Un certificat initial, rédigé le 22 février 2024, évoque un discours incohérent et une imprévisibilité comportementale des troubles sur la voie publique, l’intéressé indique qu’il s’est évanoui, ce qui a justifié l’intervention des pompiers.
L’arrêté de réadmission a été pris par le préfet le 24 février 2025. Il souligne qu’il a été conduit à l’hôpital [4] par les sapeurs-pompiers dans un contexte de prise de toxique (positif à la cocaïne).
Saisi par le préfet d’une demande de prolongation de la mesure, en application de l’article L. 3211-12-1 du code de la santé publique, le juge a ordonné la poursuite de la mesure d’hospitalisation complète par décision du 5 mars 2025.
Le 11 mars suivant, le conseil de M. [F] a interjeté appel de cette ordonnance.
L’audience s’est tenue le 17 mars 2025, au siège de la juridiction, en audience publique.
L’avocate de M. [F] sollicite la mainlevée de la mesure. Elle relève qu’une grave atteinte aux droits résulte de l’absence de décision initiale d’admission entre le 22 et le 24 février, et qu’il a subi une atteinte grave à ses droits de ce fait.
Le ministère public sollicite la confirmation de la décision critiquée au motif que l’intéressé a d’abord été conduit à l’hôpital [4] dans les conditions que son état permettait. Elle considère que la mesure doit être maintenue au regard des constatations médicales.
Le préfet, partie intimée, a communiqué des conclusions écrites la veille de l’audience. Il relève oralement que la prise en charge de l’intéressé était justifiée dès le 22 février au regard de sa situation et de la prise de toxique et que le délai de deux jours s’explique par les circonstances. Il conclut au maintien de la mesure.
Motivation
L’office du juge judiciaire implique un contrôle relatif à la fois à la régularité de la décision administrative d’admission en soins psychiatriques sans consentement et au bien-fondé de la mesure, en se fondant sur des certificats médicaux.

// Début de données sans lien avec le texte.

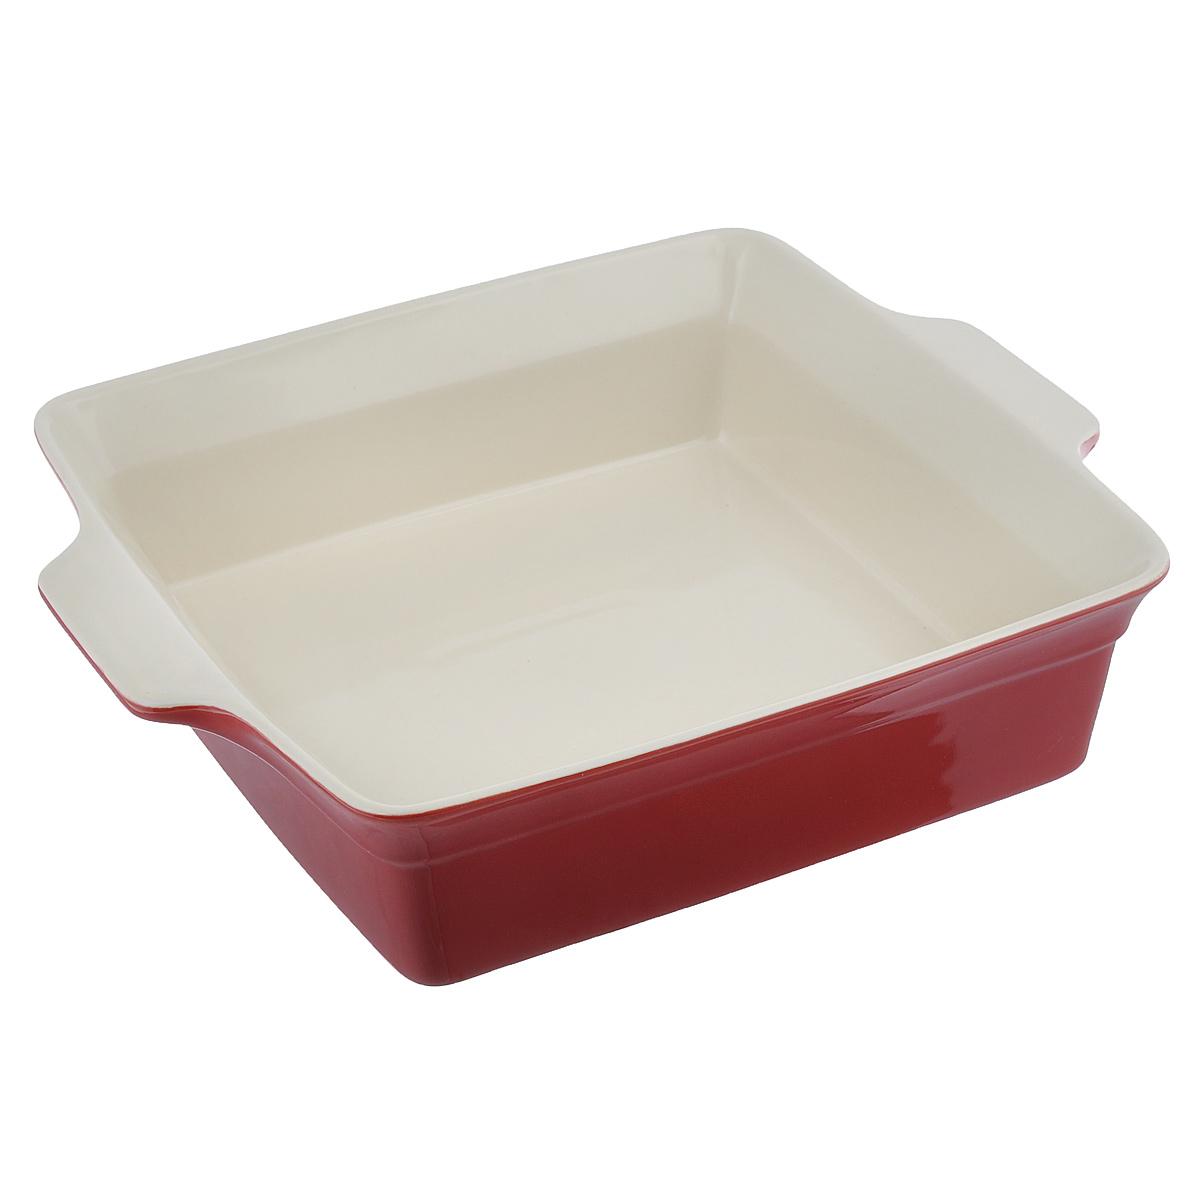 Блюдо для выпечки BergHOFF Geminis, 3,8 л1695143Квадратное блюдо для выпечки BergHOFF Geminis изготовлено из жаропрочной глазурованной керамики, что обеспечивает оптимальное распределение тепла. Оно может быть использовано как для запекания различных блюд, так и подачи их на стол.Блюдо станет отличным дополнением к вашему кухонному инвентарю, а также украсит сервировку стола и подчеркнет ваш прекрасный вкус.Подходит для использования в СВЧ и духовом шкафу. Можно мыть в посудомоечной машине. Внутренний размер: 28 см х 28 см.Размер (с учетом ручек): 34 см х 28 см.Высота стенки: 8 см.

Il résulte de l’article L. 3216-1 du code de la santé publique que l’irrégularité affectant une décision administrative de soins psychiatriques sans consentement n’entraîne la mainlevée de la mesure que s’il en est résulté une atteinte aux droits de la personne qui en fait l’objet. Il appartient donc au juge de recherche, d’abord, si l’irrégularité affectant la procédure est établie, puis, dans un second temps, si de cette irrégularité résulte une atteinte aux droits de l’intéressé.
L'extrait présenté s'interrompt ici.